This entry: 04 September 2017 by Tim Ingram

Of Alpine Shows. The South-west, Rosemoor in Devon.

I've looked at gardens, and there is no doubt I will return to them, so let's take a look at Alpine Plant Shows again. If you visit Art Galleries and theatres, or concerts, or the mountains themselves where alpine plants grow, then there will be a diversity of people you see and meet - young and old and everywhere in between. There is an inclusiveness about culture and exploration of the natural world, and really about the garden too.

Plant Shows can be very much the same when they are large enough and most spectacularly presented, and it is a well known fact that the UK is a country of gardeners. Yet step higher, literally, into the world of alpine plants and this is much less true, and the question is, Why?

There is something pretty exciting about growing these plants in the garden.

Is it simply because few people view plants in such an individual botanical way? And more, few people judge the plants they grow in the way that members of the Alpine Garden Society, and to a lesser extent the Scottish Rock Garden Club and North American Rock Garden Society, do? Most people perhaps take plants more for granted? Different degrees of that 'plant blindness' which extends into an understanding of ecology and environment.

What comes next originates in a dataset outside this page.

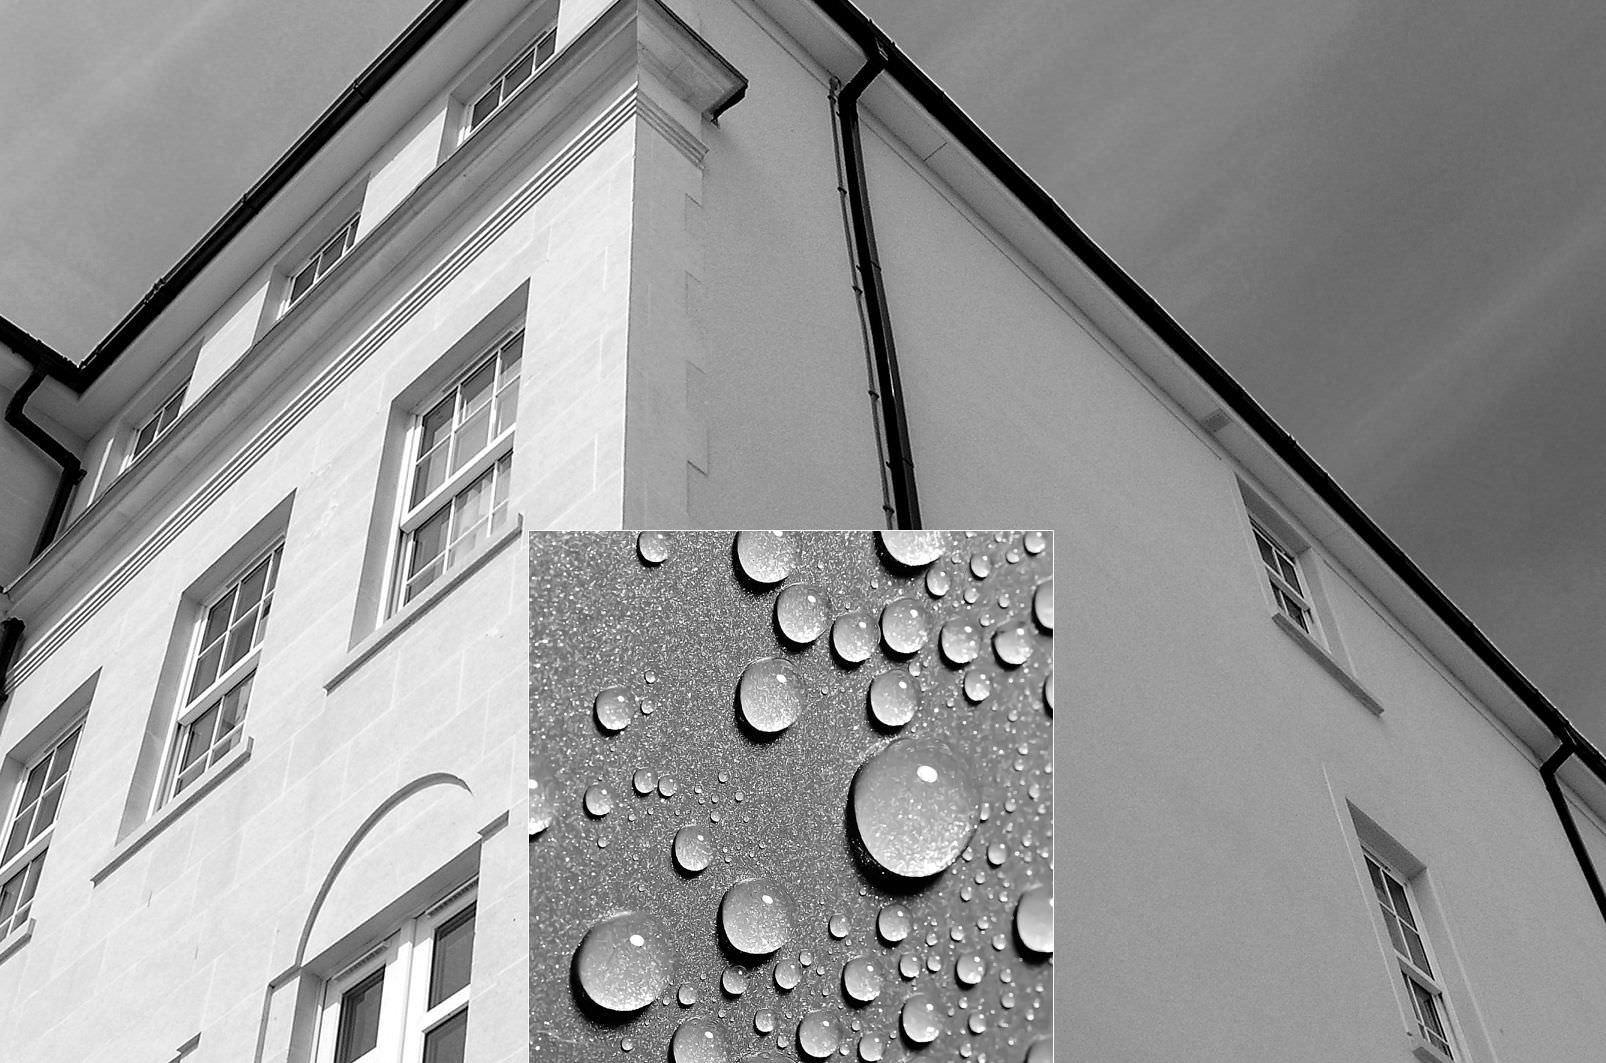 Pintura de silicona su uso para proteger muros exteriores for Arcones de resina para exterior

Take this plant of Hepatica x media 'Millstream Merlin' (grown by Dorothy Sample and shown at Rosemoor in April), because I have recently mentioned the garden of the same name made by Lincoln and Laura Louise Foster.

This occurred as a spontaneous seedling between H. triloba and H. transsilvanica in their garden and has been rather prized horticulturally ever since, but is rare because it is slow to propagate vegetatively. It becomes a plant that you are only ever likely to see at an alpine show, but it arose in the garden. By extension many of the plants exhibited at the alpine shows are rarely seen by gardeners either but have arisen in the natural world and can bring this into the garden too.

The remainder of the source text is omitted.